Behandlungsmöglichkeiten

Die Behandlung von NEN hängt von verschiedenen Faktoren ab, darunter der Typ, die Lage, das Stadium und der Grad des Tumors sowie der allgemeine Gesundheitszustand des Patienten. Zu den möglichen Behandlungsoptionen gehören:

  • Operation: Die operative Entfernung des Tumors ist oft die erste Wahl, insbesondere bei lokalisierten Tumoren.
  • Medikamentöse Therapie: Verschiedene Medikamente können eingesetzt werden, um das Wachstum von NEN zu verlangsamen, die Hormonproduktion zu regulieren oder Symptome zu lindern. Dazu gehören Somatostatin-Analoga, zielgerichtete Therapien und Chemotherapie.
  • Radiorezeptortherapie (PRRT): Diese Therapieform nutzt radioaktiv markierte Somatostatin-Analoga, die an die Somatostatinrezeptoren auf den Tumorzellen binden und diese zerstören.
  • Lebergerichtete Therapien: Bei Lebermetastasen können lokale Therapien wie die transarterielle Chemoembolisation (TACE) oder die Radioembolisation (SIRT) eingesetzt werden.

Endokrines Zentrum Bad Berka

Das Endokrine Zentrum der Zentralklinik Bad Berka ist eng vernetzt mit dem zertifizierten Europäischen Exzellenzzentrum für neuroendokrine Tumore (ENETS Center of Excellence). Hier kooperieren Spezialisten aus den Bereichen der Chirurgie, der Inneren Medizin/Endokrinologie und der Nuklearmedizin. Bei allen operativen Verfahren (offen chirurgisch und minimal-invasiv) gelten höchste Sicherheitsstandards.
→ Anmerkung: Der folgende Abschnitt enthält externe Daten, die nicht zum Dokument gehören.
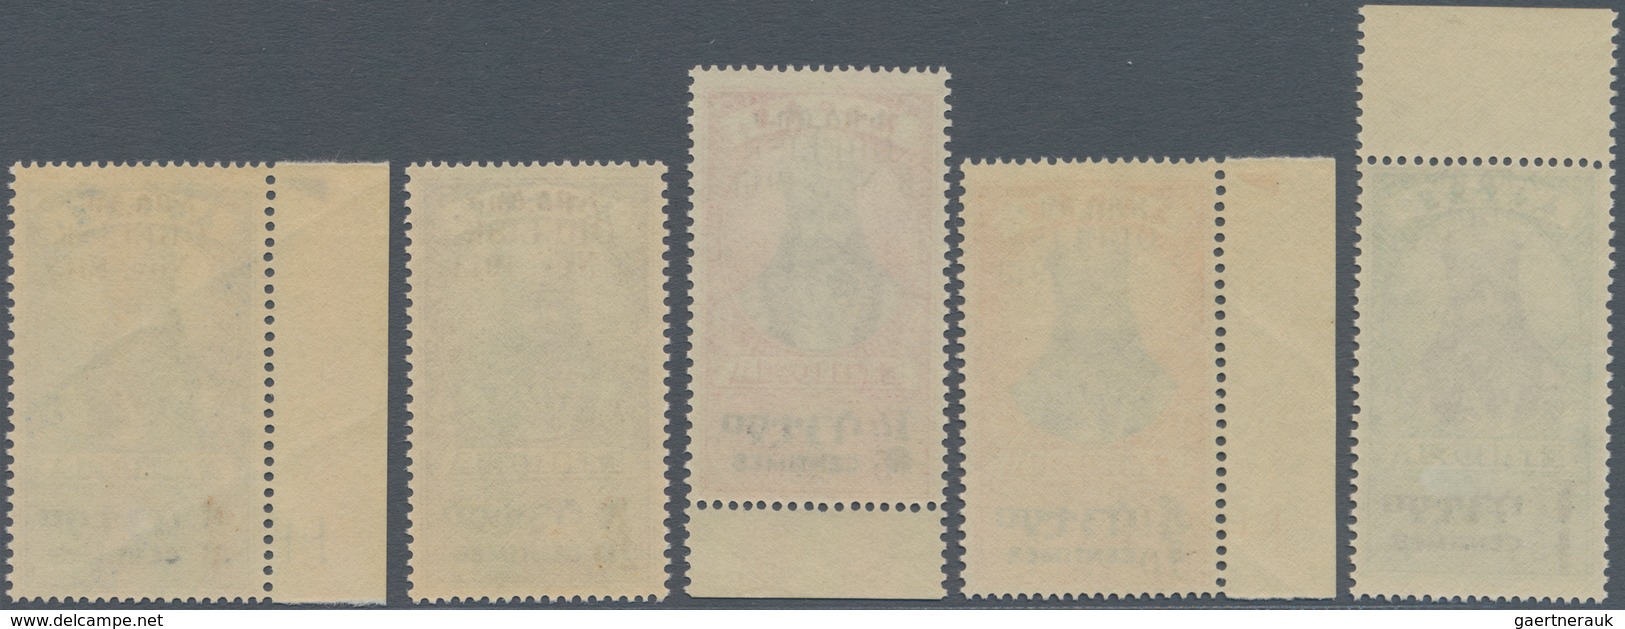 Äthiopien: 1943, War Memorial Overprints, Complete Set Of Five Values, Mint Never Hinged. - Ethiopia

Weitere neurologische Aspekte

Neben den oben genannten Erkrankungen gibt es noch weitere neurologische Aspekte, die im Zusammenhang mit Hirnanhangsdrüsentumoren und neuroendokrinen Neoplasien relevant sein können. Dazu gehören:

  • Neurologische Komplikationen: Tumore im Gehirn oder Rückenmark können neurologische Komplikationen wie Kopfschmerzen, Krampfanfälle, Seh Störungen oder Schwäche verursachen.
  • Begleiterkrankungen: Patienten mit Hirnanhangsdrüsentumoren oder NEN können auch andere Erkrankungen haben, die die neurologische Funktion beeinträchtigen können, wie z. B. Diabetes, Schilddrüsenerkrankungen oder Autoimmunerkrankungen.